Est. 1909 · National Register of Historic Places (2015) · First hotel in the world with central air-conditioning · Travis Park / downtown San Antonio anchor
The St. Anthony Hotel opened in 1909 at the corner of Travis and Jefferson Streets in downtown San Antonio, fronting Travis Park. The hotel was financed by three Texas cattle ranchers — A. H. Jones, B. L. Naylor, and L. J. Hart — at a reported construction cost of $500,000, and it was designed from the outset as a luxury property to draw wealthy tourists to a city that was then expanding rapidly with the agricultural and military trade.
The original building offered amenities considered exceptional for the period: private bathrooms in each guestroom, illuminated closets, and bedroom lighting that turned off automatically when the door closed. The property is widely credited as the first hotel in the world to install central air-conditioning. A 1936 expansion and renovation by Texas oilman R. W. Morrison added the rooftop Anacacho Ballroom and roughly doubled the room count.
The hotel's guest list spans nearly the full twentieth century. Presidents from Theodore Roosevelt forward have stayed at the property; film-era guests have included Fred Astaire, John Wayne, and Mae West, with more recent registrations including George Clooney and Arnold Schwarzenegger. The St. Anthony was added to the National Register of Historic Places in 2015 and underwent a major restoration that same year that returned much of the 1909 detailing to public view.
The property currently operates as The St. Anthony, a Luxury Collection Hotel under Marriott management, and remains one of San Antonio's central luxury and event venues.
Sources
- https://en.wikipedia.org/wiki/The_St._Anthony_Hotel
- https://www.ksat.com/news/local/2024/08/21/the-sometimes-haunted-stories-behind-local-historic-hotels-ksat-explains/
- https://ghostcitytours.com/san-antonio/haunted-places/haunted-hotels/st-anthony-hotel/
Apparition of a woman in long dress on the third floorCouple in period dress observed in Anacacho BallroomElevator anomaliesLights cycling in unoccupied roomsPhantom footsteps in corridors
The St. Anthony has accumulated more than a century of staff and guest stories. The most-reported figure is a woman in a long dress observed on the third floor — the Shadowlands entry refers to her as 'Anita' and describes her as a hotel employee, though no name has been confirmed in published sourcing.

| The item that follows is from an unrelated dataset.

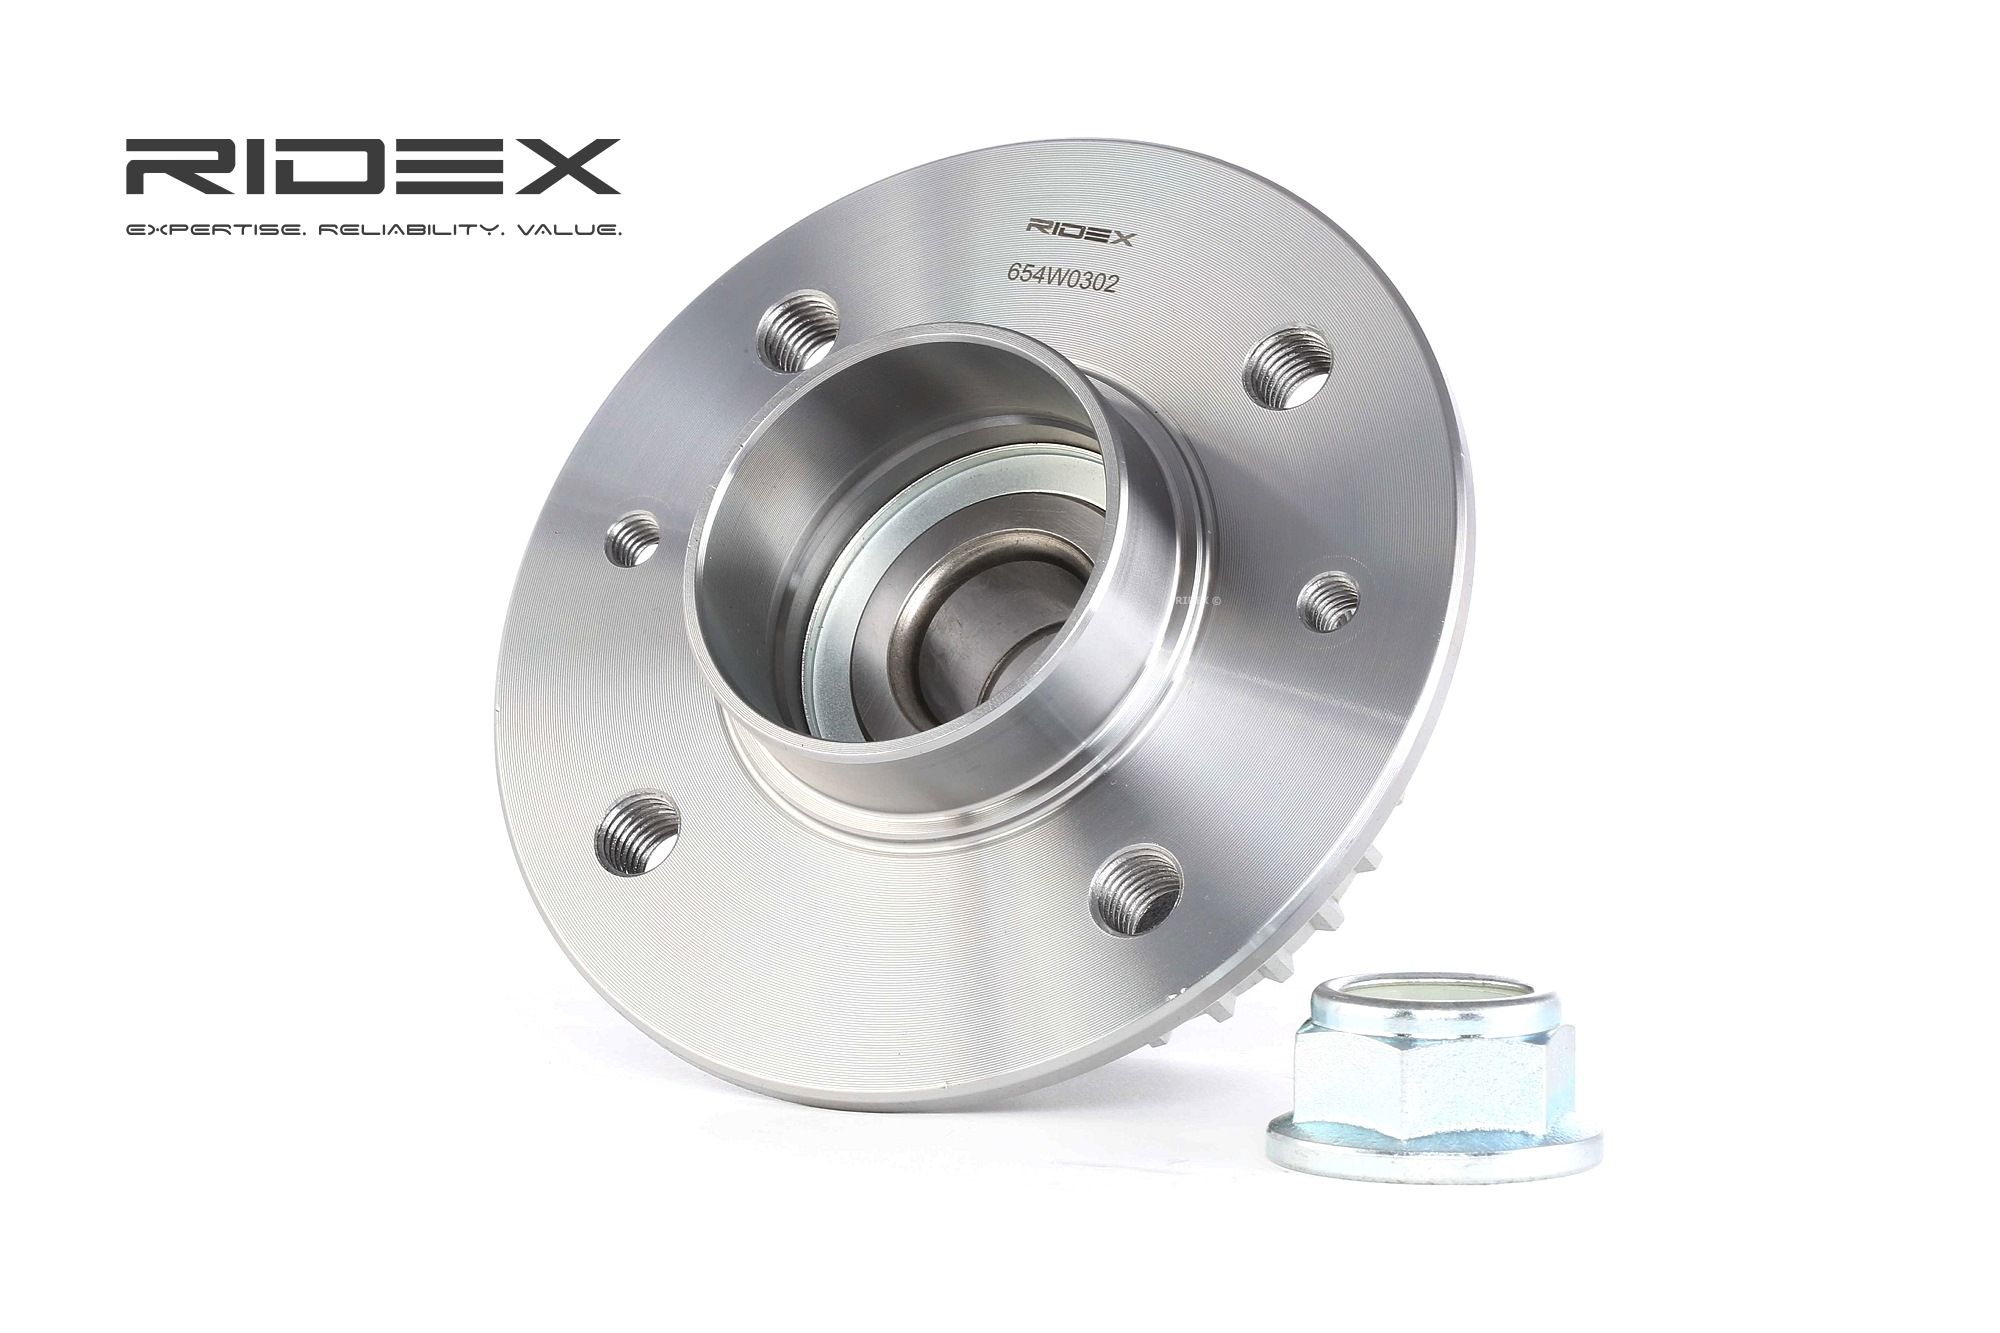 Image of RIDEX Wheel bearing kit RENAULT 654W0302 7701205499 Wheel hub bearing,Wheel bearing,Hub bearing,Axle shaft bearing,Wheel bearing & wheel bearing kit

The rooftop Anacacho Ballroom on the tenth floor draws a separate set of accounts. Guests have reported the figures of a couple in early-twentieth-century formalwear observed during late-night quiet hours, with stories that one or both were guests in the 1930s or 1940s who returned to the hotel year after year for an anniversary. A 'sad young woman' has also been reported in the ballroom area.
Additional phenomena reported across the property include elevator doors that open on the wrong floor, lights cycling in unoccupied rooms, and footsteps in corridors during the small hours. The hotel does not actively market its ghost reputation but cooperates with the local ghost-tour community, and the St. Anthony appears regularly in regional 'most haunted hotels' coverage in Texas Monthly and KSAT reporting.